Gli argomenti trattati saranno una selezione (variabile anno per anno) ispirata ai temi seguenti.
Metodi di inferenza statistica
Inferenza Bayesiana, inferenza asintotica e Informazione. Inferenza in molte dimensioni, riduzione dimensionale e analisi in componenti principali.
Circuiti biologici, feedbacks di regolazione genica e cellulare, come le cellule decidono chi essere, cosa fare e come organizzarsi.

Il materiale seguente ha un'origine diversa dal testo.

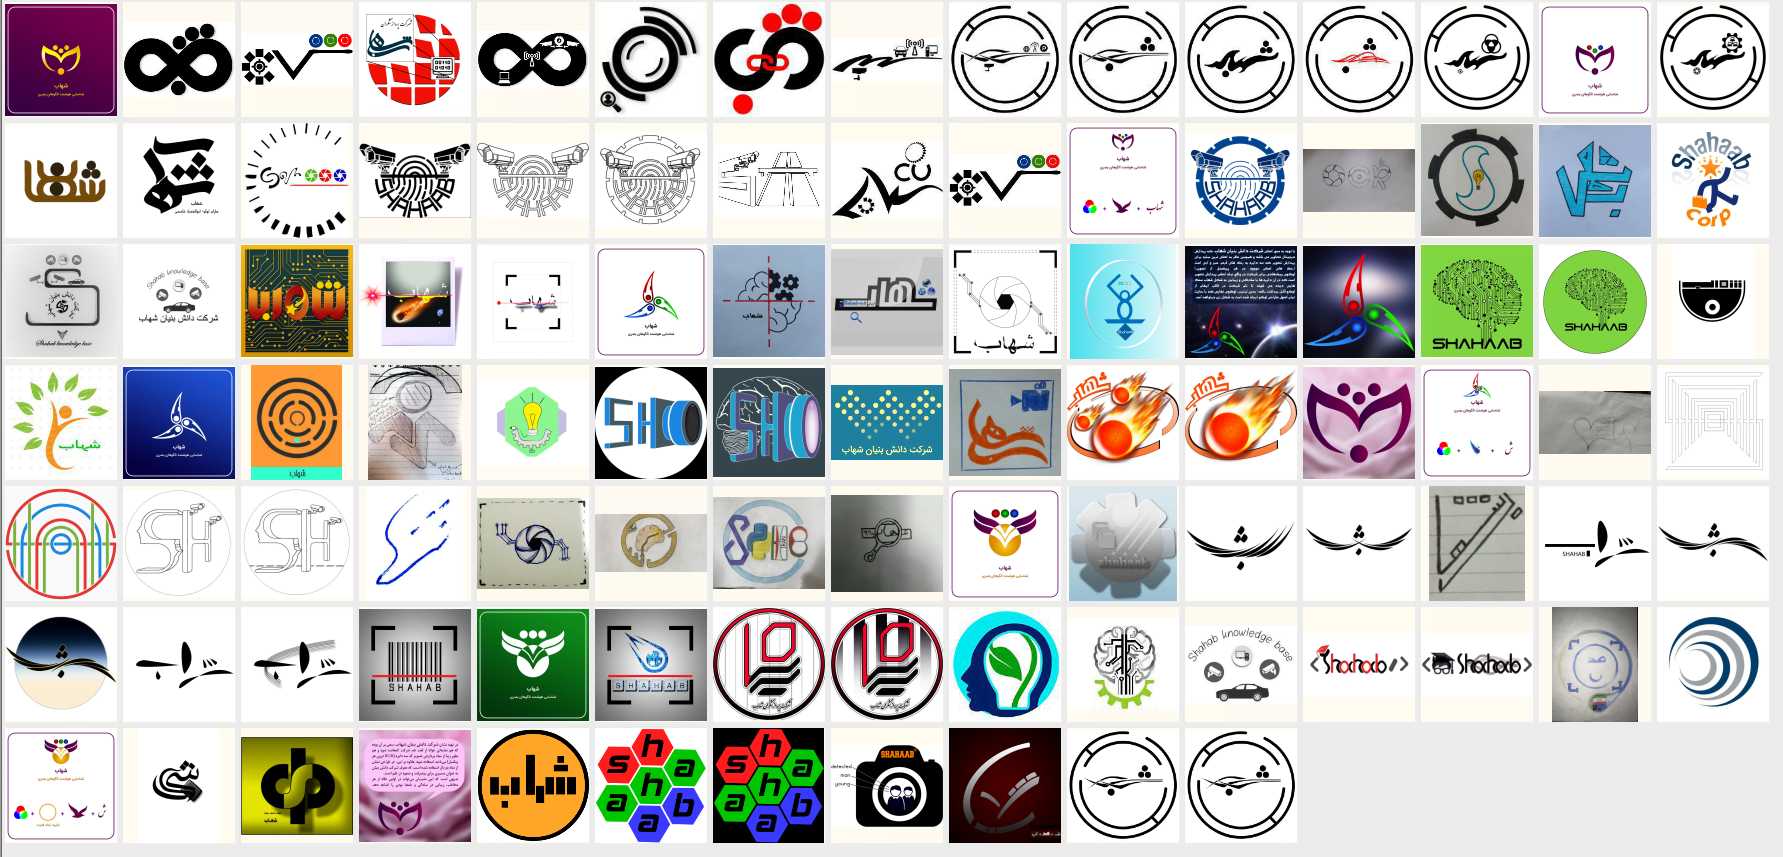 لوگوهای ارسالی به مسابقه طراحی لوگو شرکت شهاب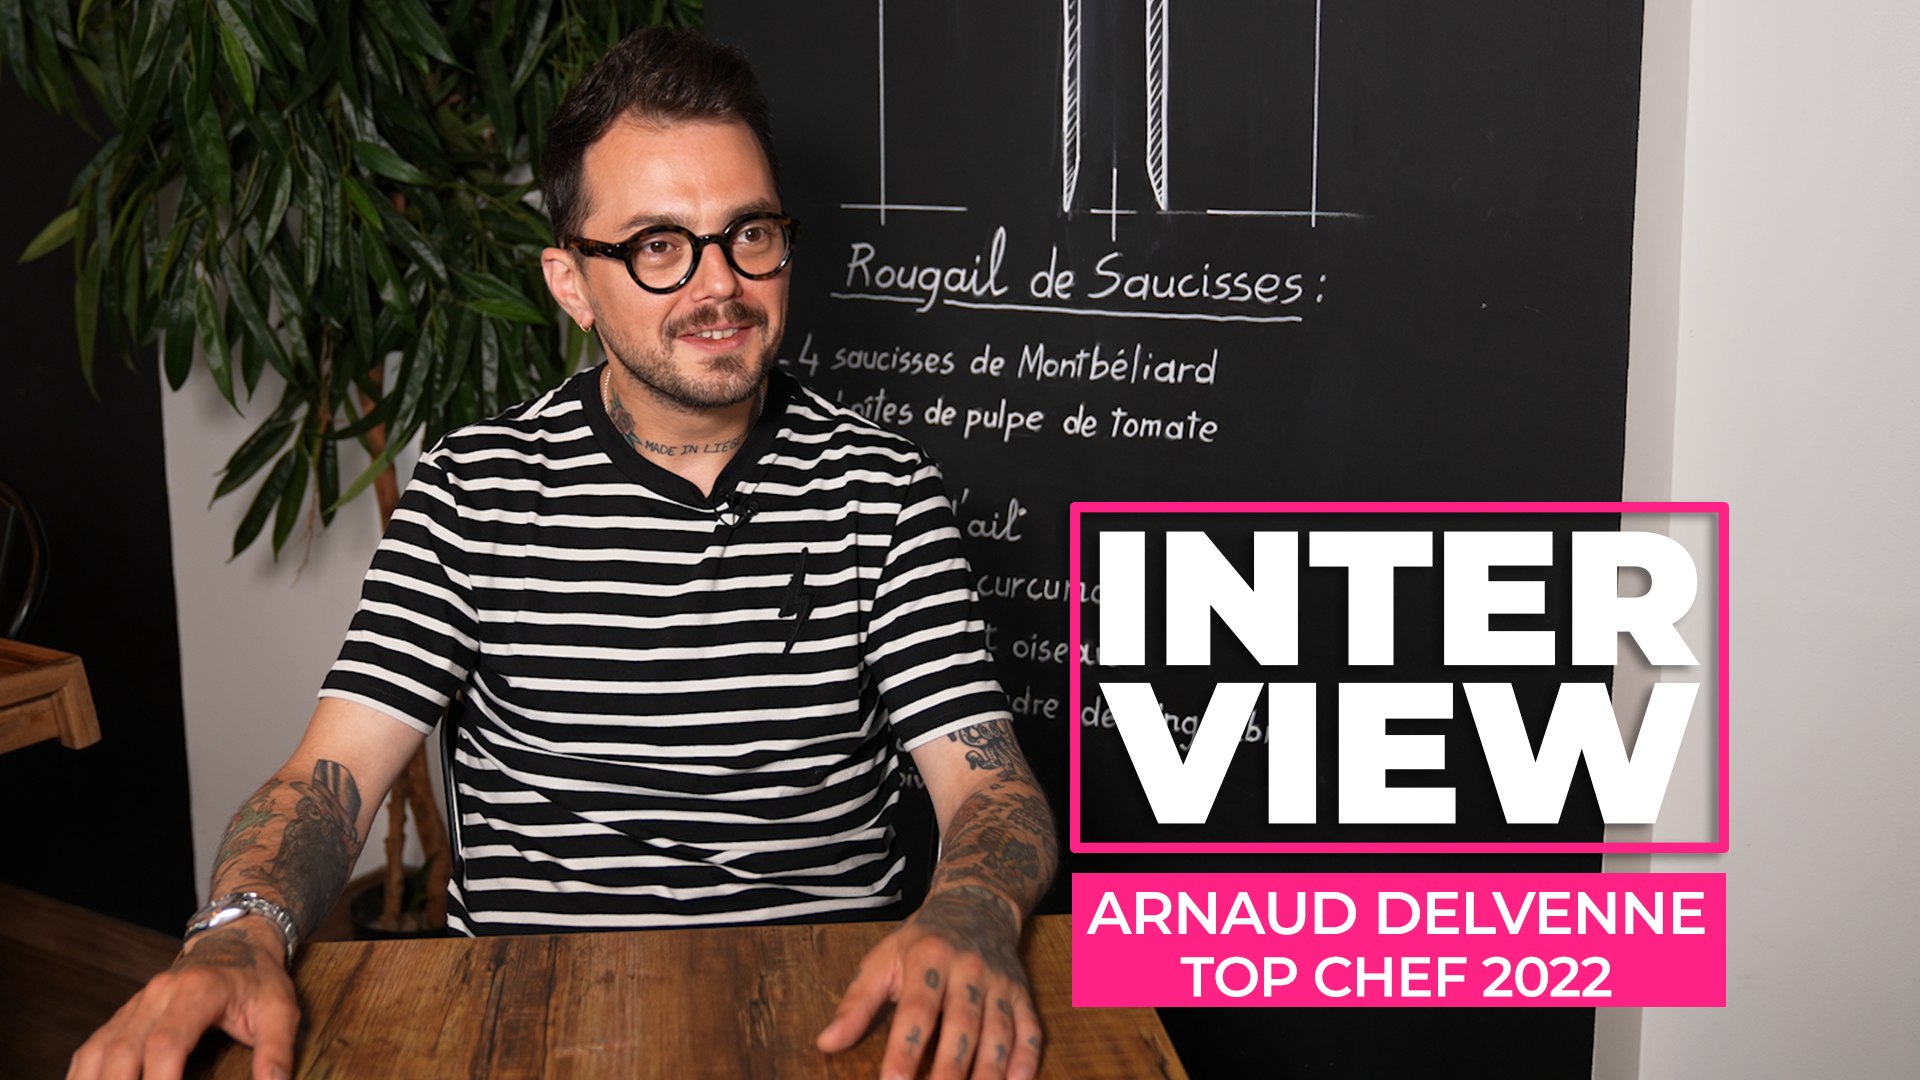 Top Chef 2022 : le finaliste Arnaud Delvenne revient sur son expérience  dans le concours - Vidéo Dailymotion

Introduzione alla termodinamica stocastica
Equilibrio vs non equilibrio. Bilancio dettagliato locale. Entropia stocastica, sistemi chimici aperti e formulazione di teoria delle reti di stati stazionari di non equilibrio. Trasduzione di energia libera e di informazione in sistemi biologici. Il problema della sensibilità nella lettura di un segnale chimico da parte di una cellula. Teoremi di fluttuazione, disuguaglianze di Jarzynski e Crooks.
Reazione diffusione in sistemi complessi spazialmente estesi
Metodi di indagine multi-scala e simulazioni particle-based. Il problema delle separazioni di fase in dinamica cellulare. Il dilemma tra scenario di equilibrio e di non equilibrio.
Diffusione passiva, attiva e trasporto persistente
Muoversi consumando energia per seguire un gradiente. La chemotassi nei batteri, negli organismi unicellulari e nelle cellule di organismi pluricellulari. La durotassi: muoversi seguendo gradienti di rigidità meccanica: il paradosso dell’invasione metastatica. Modello di run and tumble, modelli computazionali di trasporto attivo
Esempi paradigmatici che verranno analizzati sotto molteplici aspetti e con varie tecniche tra quelli elencati sopra e studiati nella prima parte del corso:
Accelerazione catalitica di reazioni (bio)chimiche, cinetica enzimatica e Il fenomeno dell’ultra-sensibilità. Il modello di Goldbeter-Koshland originale e la sua formulazione termodinamicamente consistente.
Lo switch di fosforilazione-defosforilazione: un modulo di scrittura/lettura alla base del flusso di informazione cellulare.
Kinetic proofreading (Hopfield), modello originale e formulazione termodinamicamente consistente. Il costo energetico della precisione nei processi fondamentali di cinetica cellulare.
Brownian ratchet e motori molecolari. Entropic pulling. Il trasporto attivo all’interno della cellula.
Switch di segnalizzazione: meccanismi di eccitazione-inibizione e il concetto di inattivazione bilanciata.